& these words are all mine.

Thursday, June 10, 2010

Untitled

I am me, it's all I know to be
Me being me, at times reluctantly
Some moments sad, some moments happy
Outlooks always alternating
But this is me, and me is all I can be.

My self loathing ways have consumed entire days
And self-righteous fights have created sleepless nights
I've tried, I've failed
I've let my most shameful thoughts prevail
I've been both a mirage and oasis for those I've called friends
But this is still who I am, in the end

So if I am made of emotions that are fleeting
And phantom pains that are temporary
And thoughts that either empower or defeat me
Then I can find comfort in knowing
That the simplest form of me being me
Is a beating heart that is open and steady
A bleeding heart that is warm and ready.

But this heart of mine has limits, you see
It cannot love another before I love me
Before I accept me as a being only progressively complete
As an imperfect exception to a blueprint of perfection

Now you can be you, that's all you can do
You can project your depression in destructive ways
You can protect your fears to push love away
It's your choice to judge me, or even try and nudge me
But don't expect that anything you deflect my way will stay
For I may be impressionable but I will not be swayed.

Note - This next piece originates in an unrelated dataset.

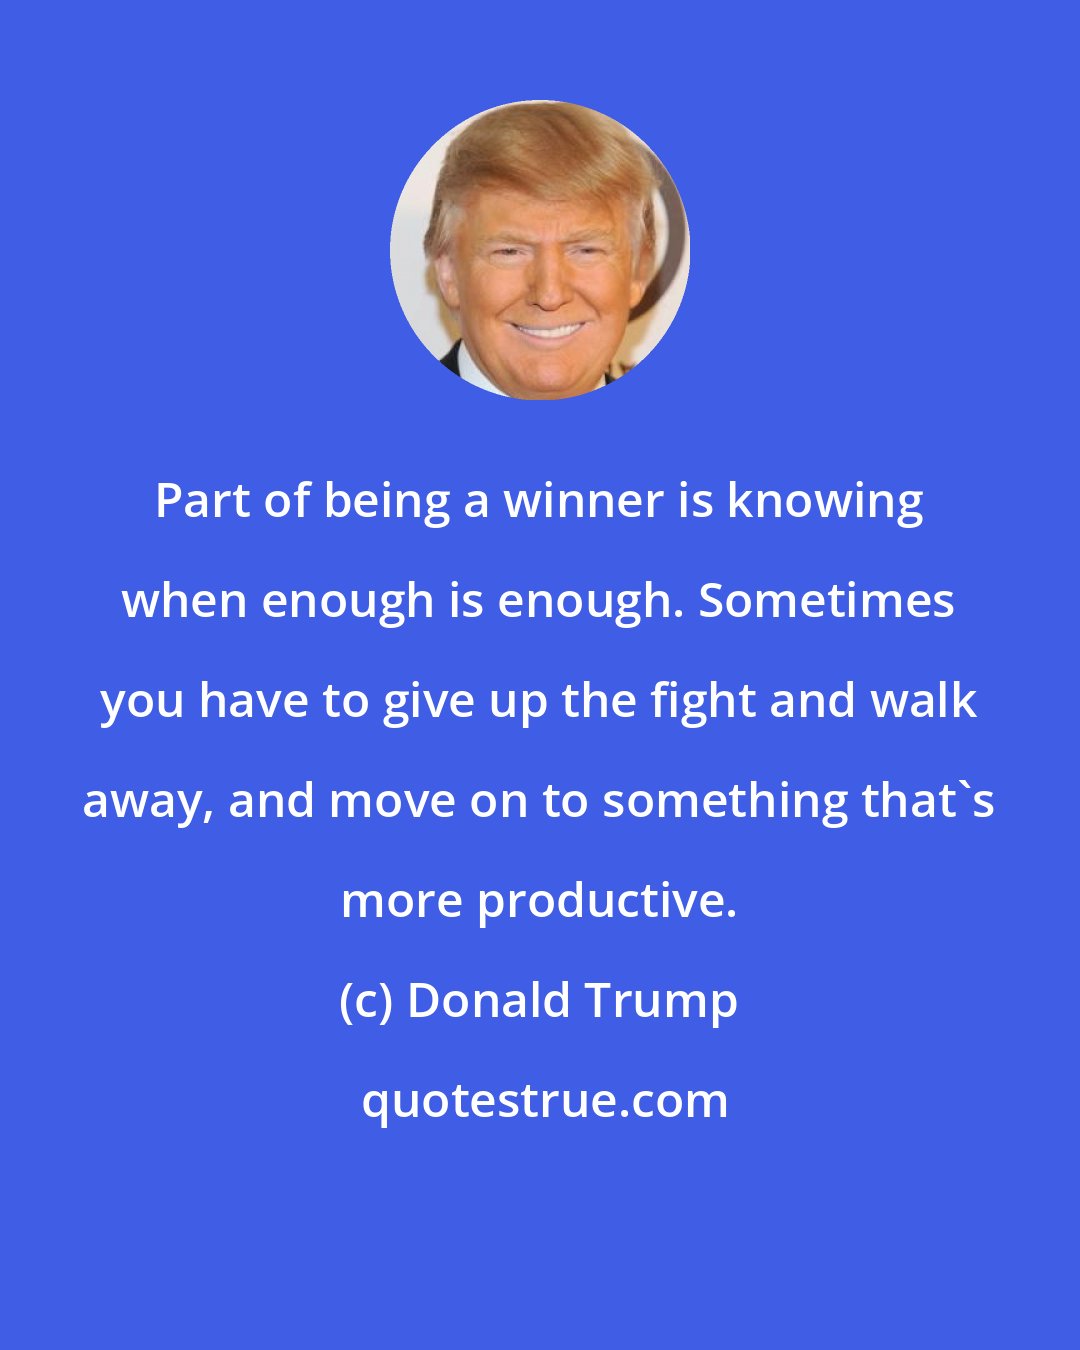 Donald Trump: Part of being a winner is knowing when enough is enough. Sometimes you have to give up the fight and walk away, and move on to something that's more productive.

You want me to be more, yet easier for you if I were damaged
You encourage in me humility, yet imply I be savage
You want me to be better, yet battered
Braggable, yet broken
You prefer I follow the same insane patterns
That landed you at lonely.

See this, too, I can be
Which makes you not so different from me
Perhaps weighted with more burden than you flaunt
I am stronger, kinder, all the wiser
Not more than you, just more than you want.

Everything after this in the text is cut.